■ Exercise objective
Copy out and return the lines from the one holding "許す水分円周アルボース石鹸液i 18kg (アルボース)" to the end of the listing below, both included, omitting the pictures.

BEGIN Information supplied

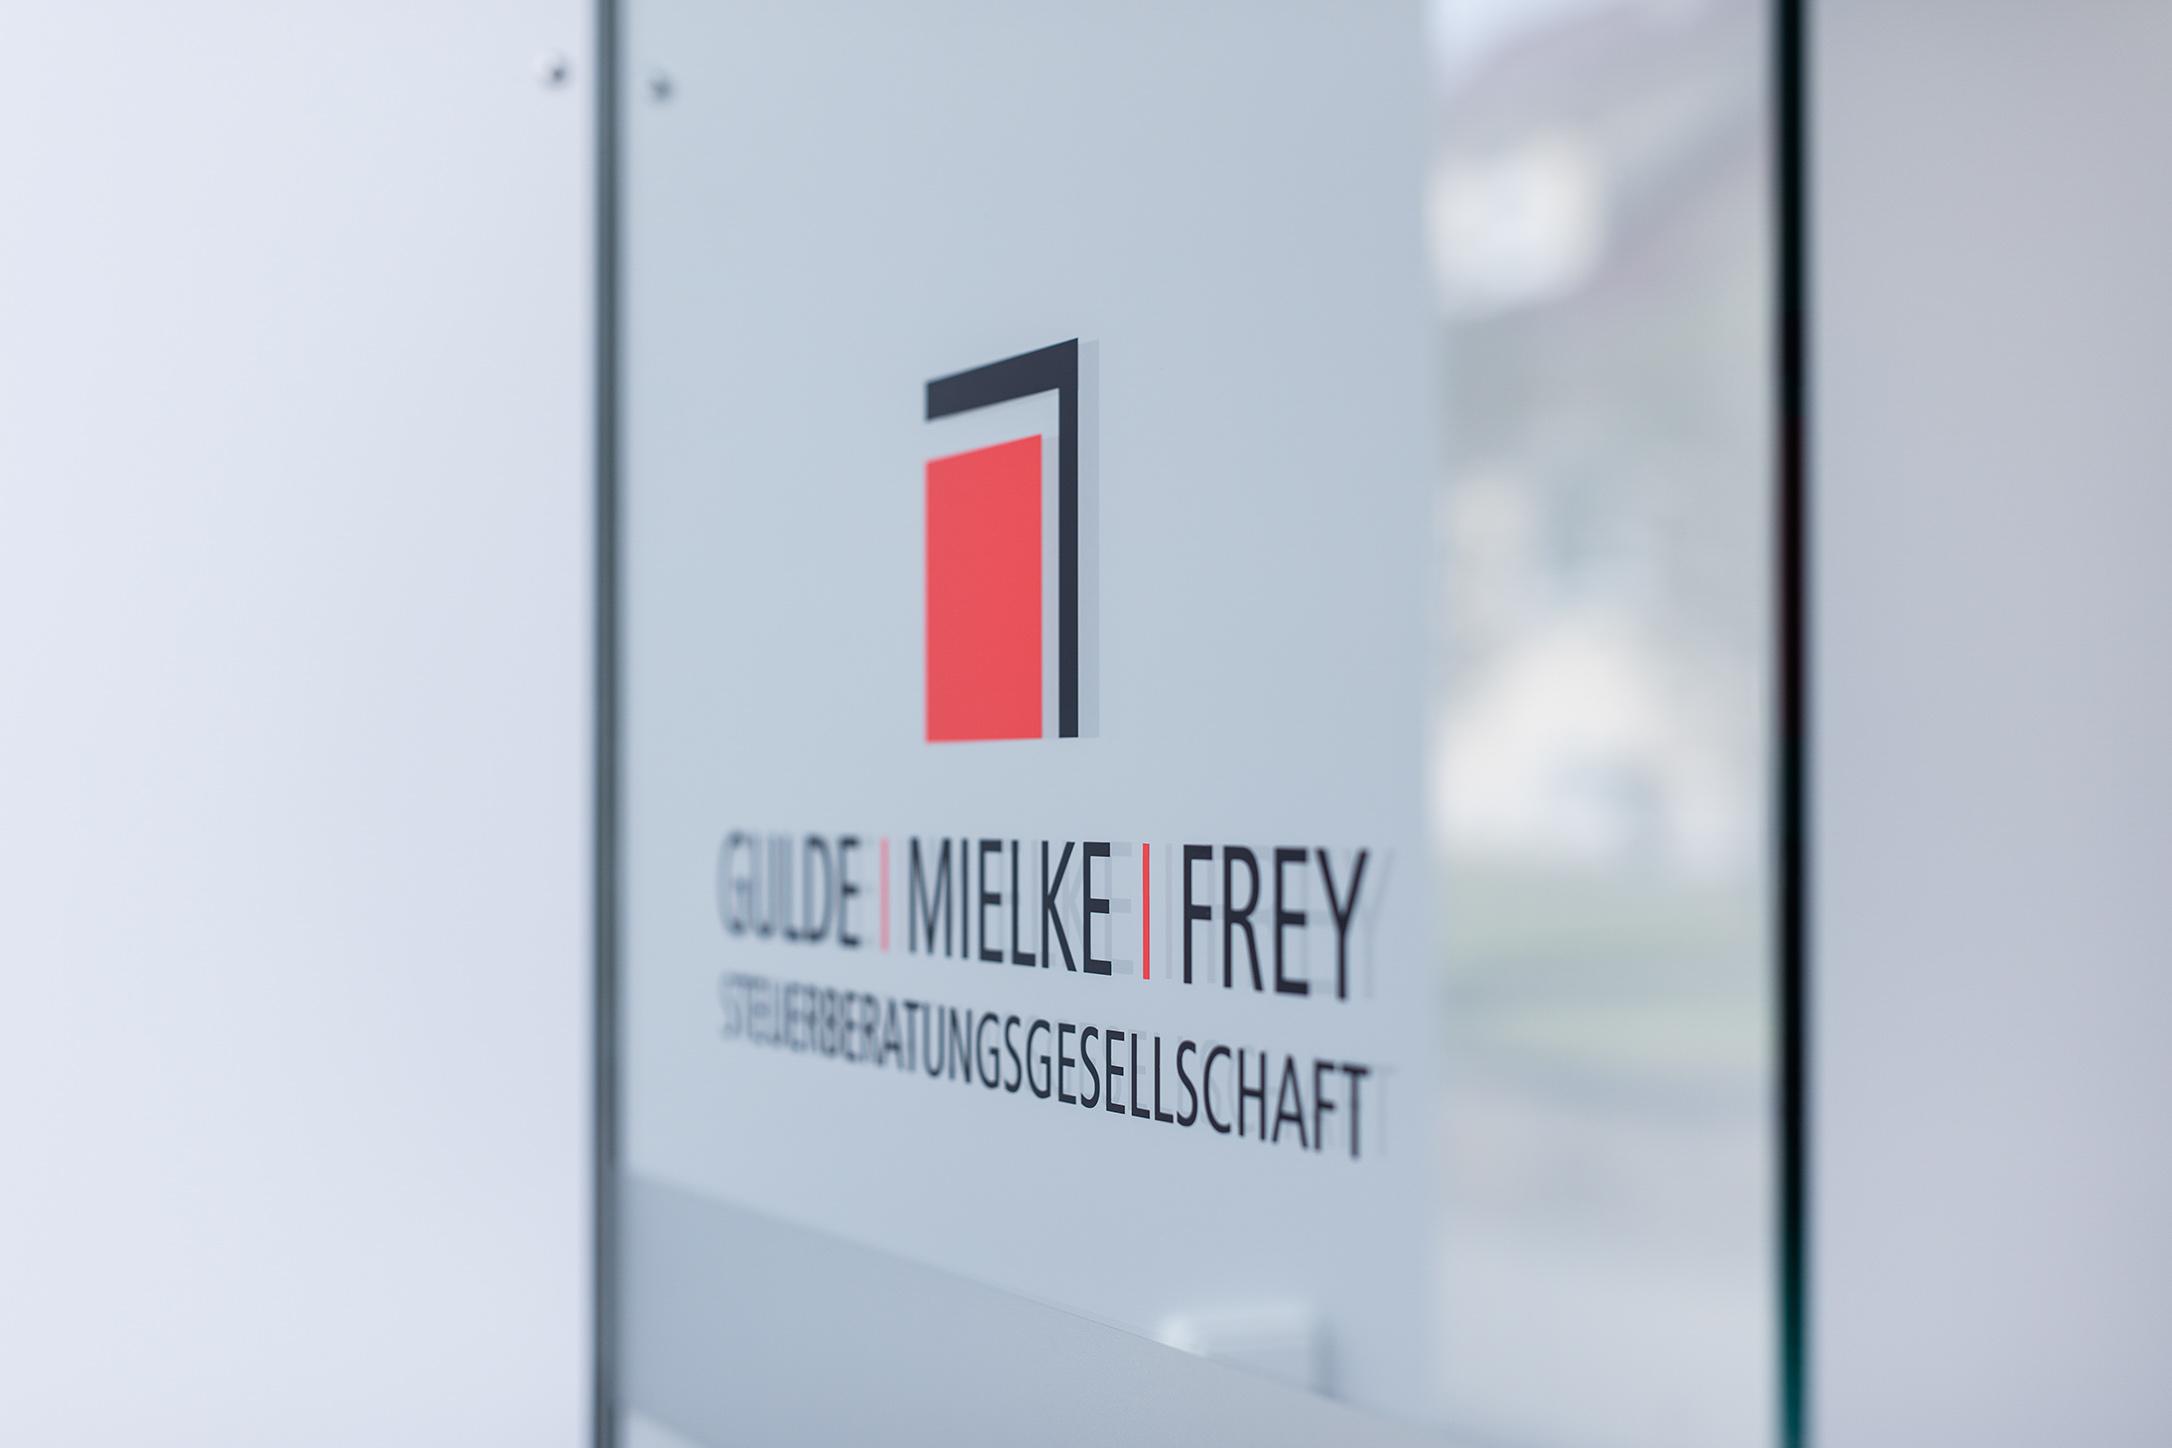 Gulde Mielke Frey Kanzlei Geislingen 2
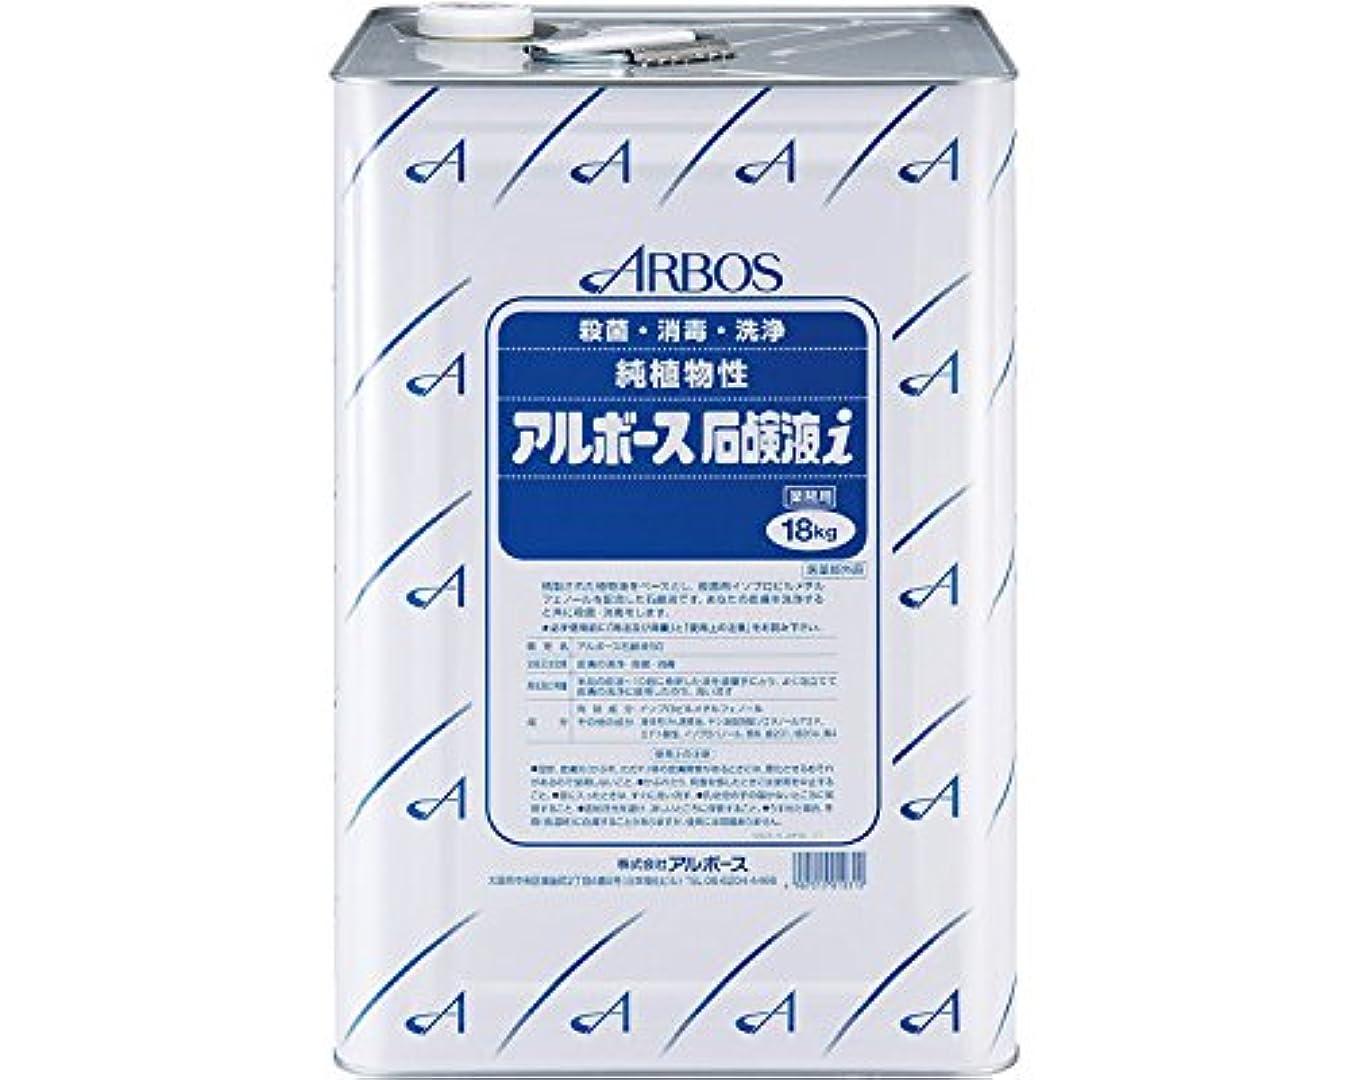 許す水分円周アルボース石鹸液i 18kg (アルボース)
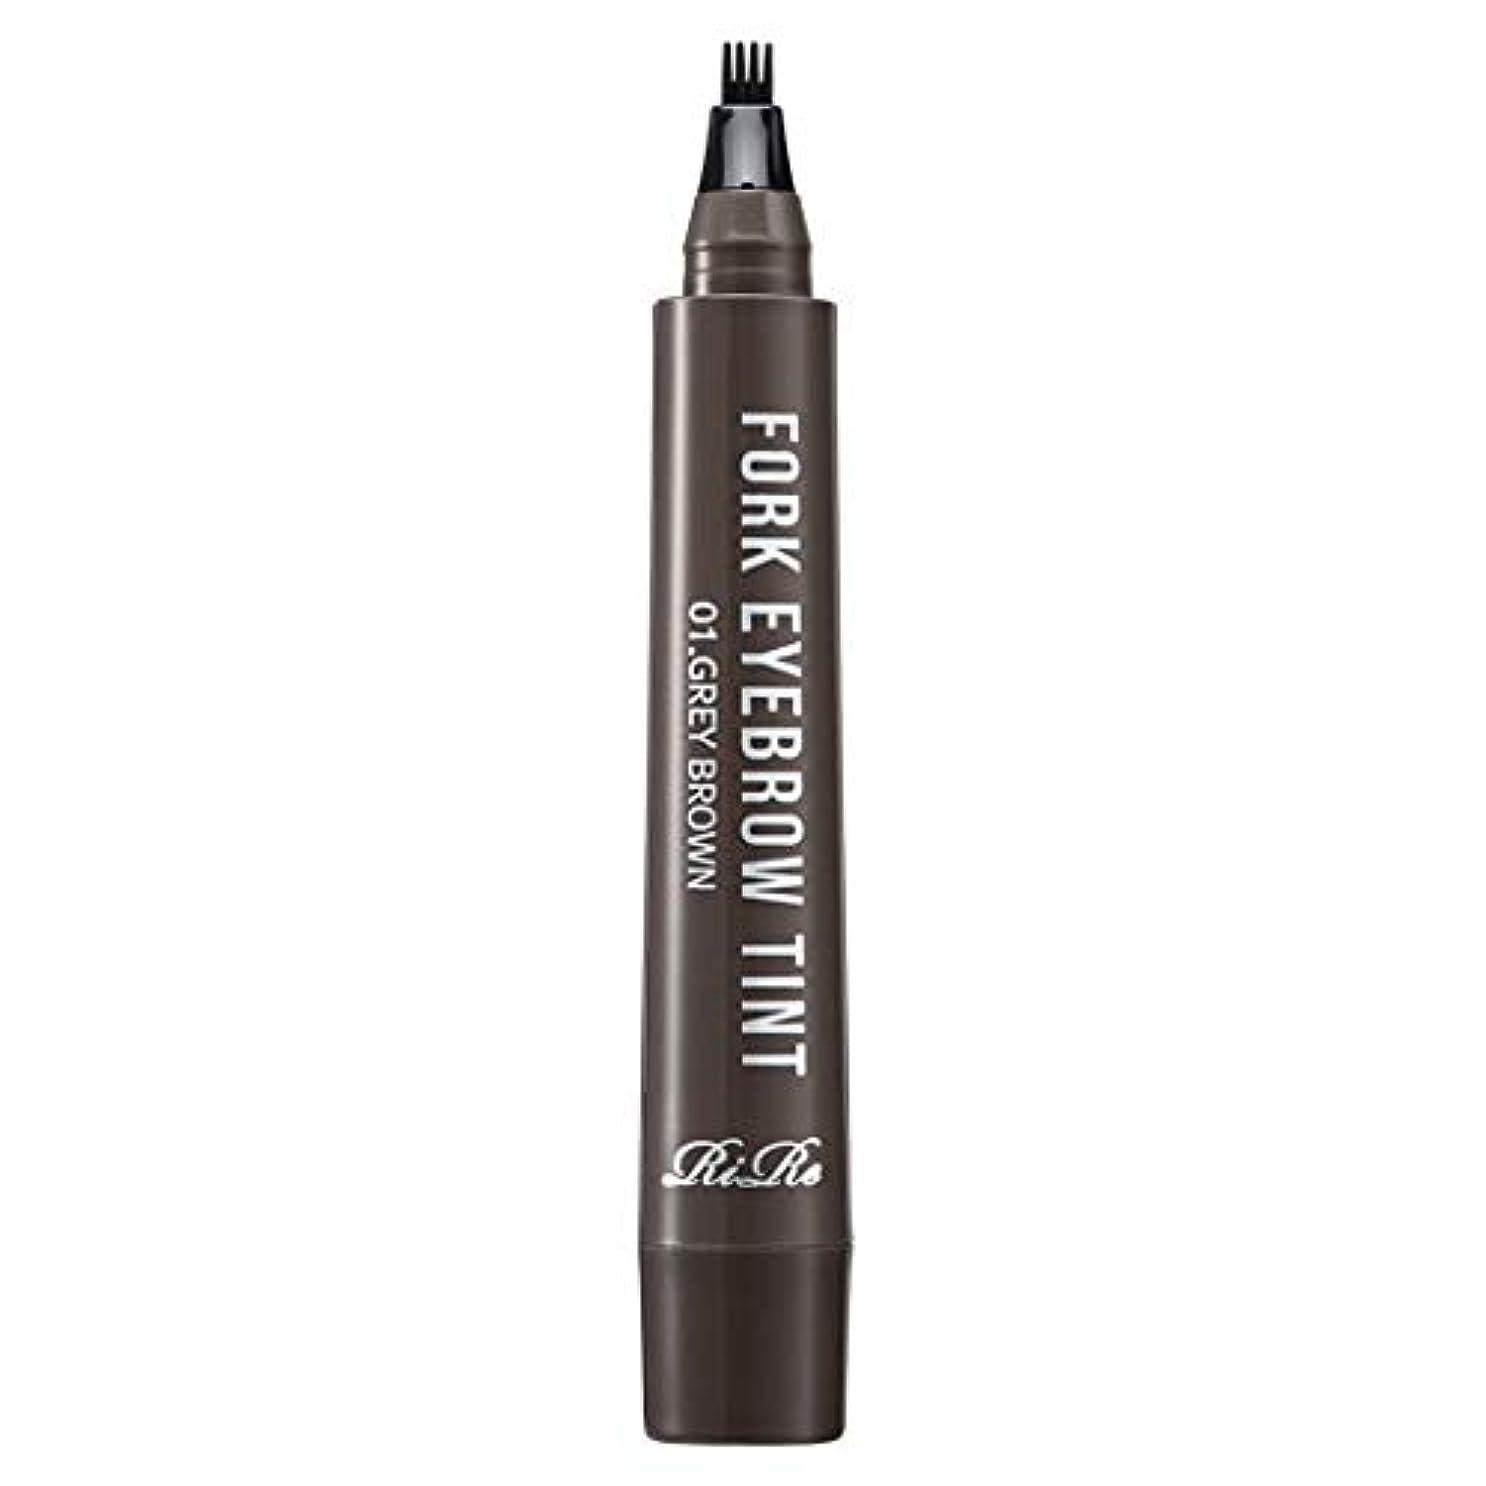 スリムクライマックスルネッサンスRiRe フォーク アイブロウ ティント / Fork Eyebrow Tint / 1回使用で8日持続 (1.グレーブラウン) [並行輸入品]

END Information supplied

■ Completed task
 許す水分円周アルボース石鹸液i 18kg (アルボース)
 スリムクライマックスルネッサンスRiRe フォーク アイブロウ ティント / Fork Eyebrow Tint / 1回使用で8日持続 (1.グレーブラウン) [並行輸入品]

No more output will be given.